Ideally there would be some way to ensure that a failed syscall either returns an error code, or if that's not possible, crashes my process; either of those would halt the generation of heartbeat packets and allow a failover to proceed. Is there any way to do that, or does an unreliable kernel doom my user process to unreliability as well?


Solution

  • My second suggestion is to use ptrace to find the current instruction pointer. You can have a parent thread that ptraces your process and interrupts it every second to check the current RIP value. This is somewhat complex, so I've written a demonstration program: (x86_64 only, but that should be fixable by changing the register names.)

    #define _GNU_SOURCE
    #include <unistd.h>
    #include <sched.h>
    #include <stdlib.h>
    #include <stdio.h>
    #include <sys/syscall.h>
    #include <sys/ptrace.h>
    #include <sys/wait.h>
    #include <sys/types.h>
    #include <linux/ptrace.h>
    #include <sys/user.h>
    #include <time.h>
    
    // this number is arbitrary - find a better one.
    #define STACK_SIZE (1024 * 1024)
    
    int main_thread(void *ptr) {
        // "main" thread is now running under the monitor
        printf("Hello from main!");
        while (1) {
            int c = getchar();
            if (c == EOF) { break; }
            nanosleep(&(struct timespec) {0, 200 * 1000 * 1000}, NULL);
            putchar(c);
        }
        return 0;
    }
    
    int main(int argc, char *argv[]) {
        void *vstack = malloc(STACK_SIZE);
        pid_t v;
        if (clone(main_thread, vstack + STACK_SIZE, CLONE_PARENT_SETTID | CLONE_FILES | CLONE_FS | CLONE_IO, NULL, &v) == -1) { // you'll want to check these flags
            perror("failed to spawn child task");
            return 3;
        }
        printf("Target: %d; %d\n", v, getpid());
        long ptv = ptrace(PTRACE_SEIZE, v, NULL, NULL);
        if (ptv == -1) {
            perror("failed monitor sieze");
            exit(1);
        }
        struct user_regs_struct regs;
        fprintf(stderr, "beginning monitor...\n");
        while (1) {
            sleep(1);
            long ptv = ptrace(PTRACE_INTERRUPT, v, NULL, NULL);
            if (ptv == -1) {
                perror("failed to interrupt main thread");
                break;
            }
            int status;
            if (waitpid(v, &status, __WCLONE) == -1) {
                perror("target wait failed");
                break;
            }
            if (!WIFSTOPPED(status)) { // this section is messy. do it better.
                fputs("target wait went wrong", stderr);
                break;
            }
            if ((status >> 8) != (SIGTRAP | PTRACE_EVENT_STOP << 8)) {
                fputs("target wait went wrong (2)", stderr);
                break;
            }
            ptv = ptrace(PTRACE_GETREGS, v, NULL, &regs);
            if (ptv == -1) {
                perror("failed to peek at registers of thread");
                break;
            }
            fprintf(stderr, "%d -> RIP %x RSP %x\n", time(NULL), regs.rip, regs.rsp);
            ptv = ptrace(PTRACE_CONT, v, NULL, NULL);
            if (ptv == -1) {
                perror("failed to resume main thread");
                break;
            }
        }
        return 2;
    }
    

    Note that this is not production-quality code. You'll need to do a bunch of fixing things up.

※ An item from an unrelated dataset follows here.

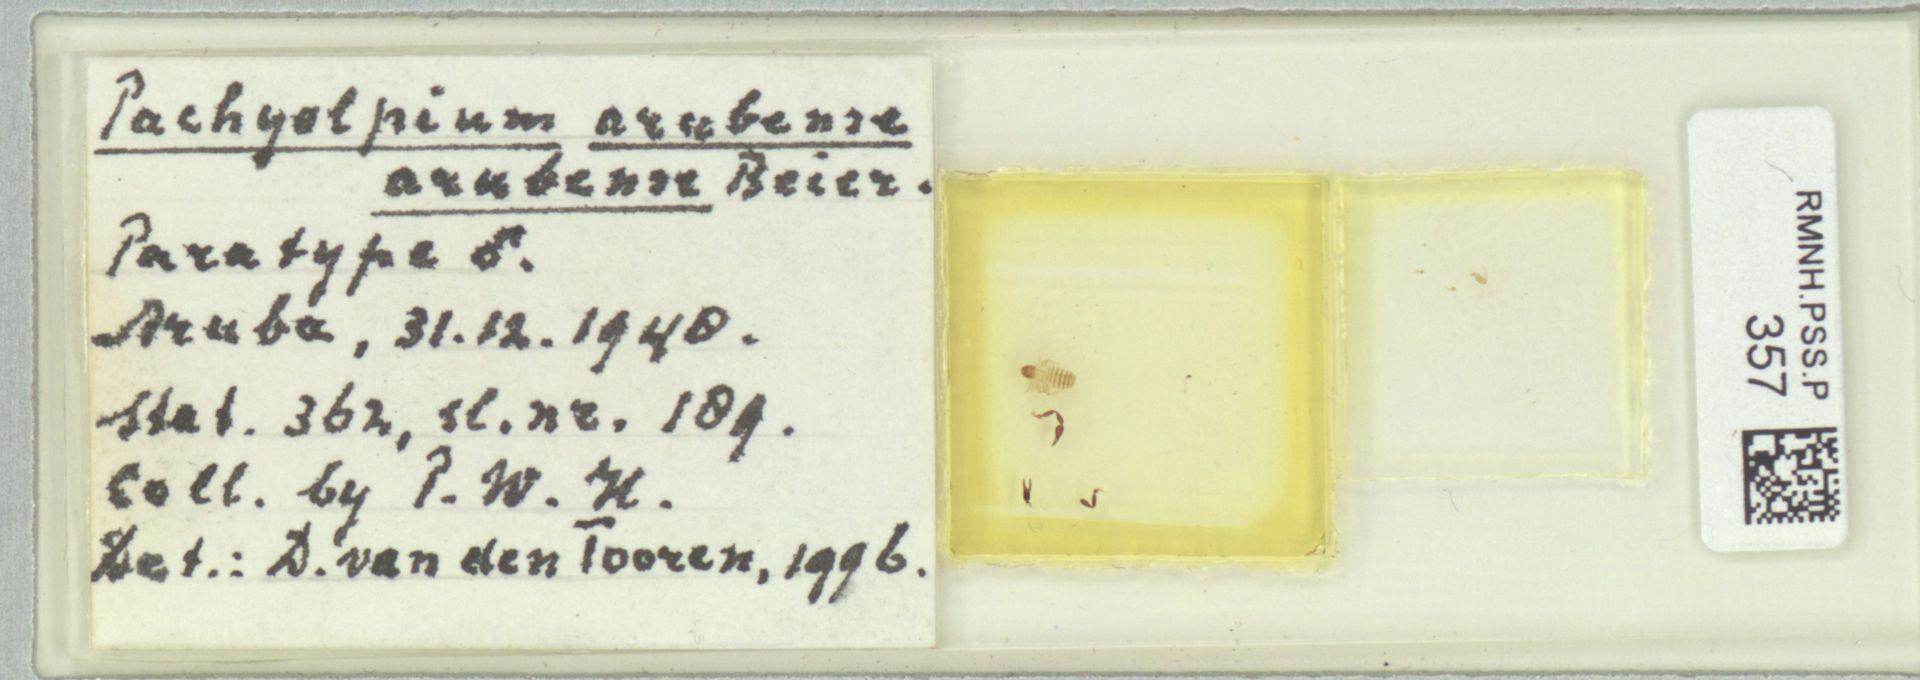 RMNH.PSS.P.357 | Pachyolpium arubense arubense
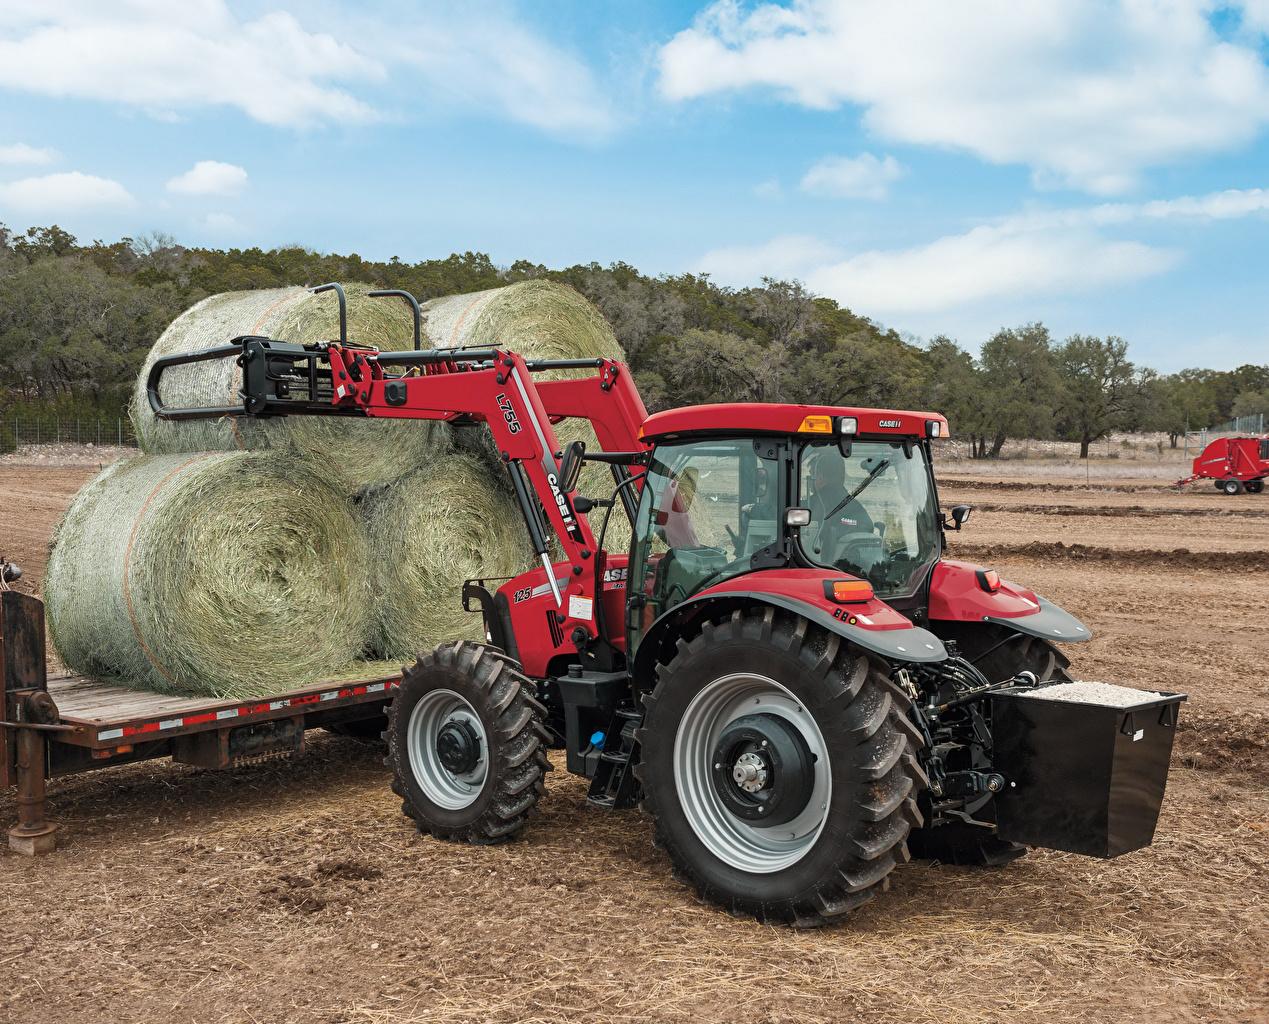 Afbeeldingen Landbouwwerktuig tractoren 2009-15 Case IH Maxxum 125 Akkerland Hooi landbouwmachine Tractor akker agrarische velden

    Based on this, you should be able to figure out whether or not the program counter is advancing, and could combine this with other pieces of information (such as /proc/PID/status) to find if it's busy in a system call. You might also be able to extend the usage of ptrace to check what system calls are being used, so that you can check if it's a reasonable one to be waiting on.

    This is a hacky solution, but I don't think that you'll find a non-hacky solution for this problem. Despite the hackiness, I don't think (this is untested) that it would be particularly slow; my implementation pauses the monitored thread once per second for a very short amount of time - which I would guess would be in the 100s of microseconds range. That's around 0.01% efficiency loss, theoretically.